Once one has stripped away the Darwinian language, the story actually told is that of a world going through stages of ecological recovery. From a distance, recolonisation can appear like evolution, because the organisms concerned do not appear all at once, but progressively, and in the process they diversify into new species. As animals suited to exploiting the waters of the coastal margins, the Devonian tetrapods were an ecological rather than evolutionary step up – rare in the fossil record because they were rare, at this early stage, in fact. It is not necessary to choose an explanation of the succession which endows Nature with supernatural powers of creation.

The power of the paradigm

Palaeontologists, however, seem unable to reason outside their theory. In practice, research takes place in a one-party state, and the unspoken but accepted rules are: If an analysis supports Darwinian doctrine, it is acceptable; if it does not, an explanation must be found for why it does not. It is a game where ‘heads I win, tails you lose’, a logically closed system in which it is not permitted to view the sudden loss of anal and dorsal fins, the morphological gap between Panderichthys and Acanthostega, the fact that Acanthostega cannot have been the direct descendant of Panderichthys, the narrowness of the temporal gap between them, the fact that the earliest tetrapod limbs and digits were designed for swimming rather than walking, the diversity of the earliest tetrapods, and their polydactyly all as evidence against the theory – tantamount to falsification of the theory. The problems attending the appearance of diverse kinds of arthropods, all with diverse kinds of legs, are even worse. How did the trilobites, eurypterids, horseshoe crabs, centipedes, millipedes, spiders, insects and so on acquire their legs? One does not dare even to ask.

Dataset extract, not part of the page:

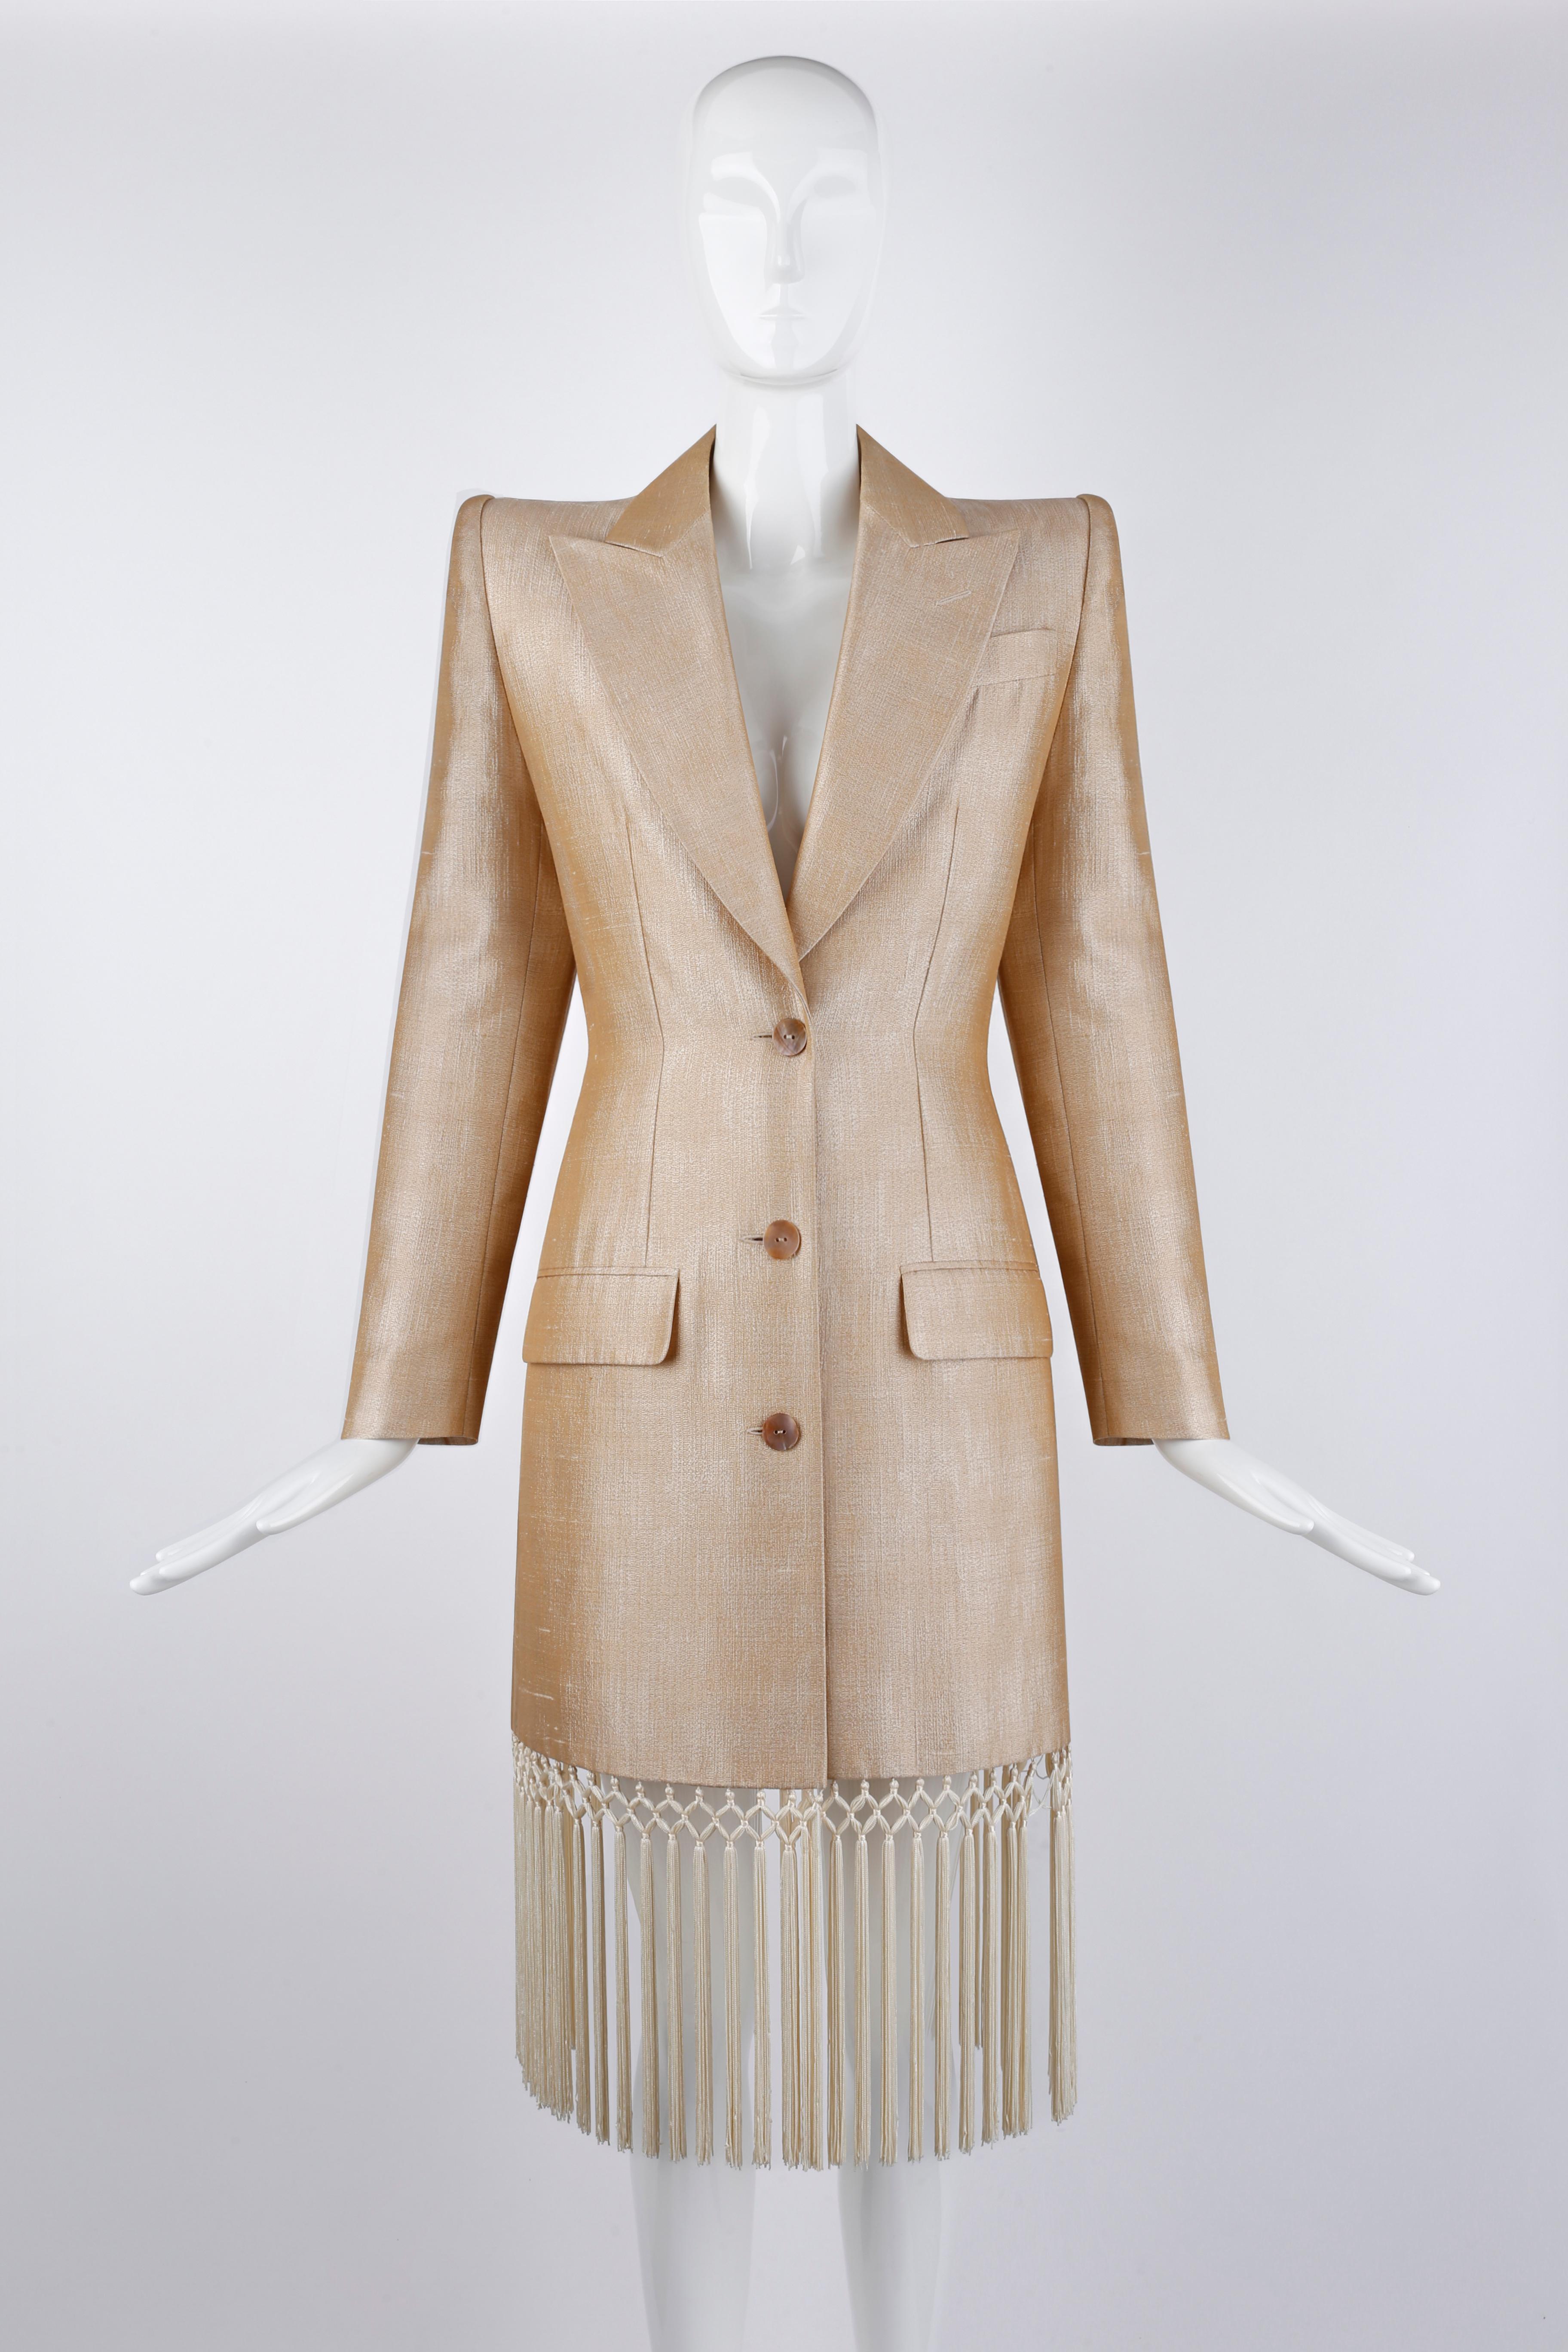 Entworfen von Alexander McQueen für die Givenchy Couture Frühjahr/Sommer 1998 Kollektion. Dieser seltene Mantel ist entlang des gesamten Saums mit zahlreichen Quasten verziert. Strukturierte Schultern und taillierte Passform. Das Material aus einer

Numerous disparate organisms, moreover, have to be interpreted as having evolved already far past the ‘primitive tetrapod’ stage immediately after the presumed transformation of fish into tetrapods. One example is the lepospondyls (click on diagram left), quite small animals that are ‘highly derived when they first appear in the fossil record, with no plausible intermediates between them and any other groups’ (Carroll 2001). Although they share some features, they are also a disparate group in relation to each other. Perhaps most anomalous are the snake-like aïstopods, which appeared in the early Carboniferous and had neither limbs nor limb girdles. On the evidence of the skull, vertebrae and ribs, they are classified as tetrapods, so they are presumed to have completely lost their limbs after only just acquiring them. Even supposing that this did happen, it is difficult to see how it could have happened in the interval between the evolution of the first lepospondyl, some time after the first tetrapods, and the first aïstopod in the Visean. The aïstopods may have been aquatic. The Visean tetrapod Crassigyrinus certainly was, and is believed to have somehow retraced the evolutionary journey of its terrestrial ancestors back to the sea – without needing to lose its limbs. Bizarre indeed!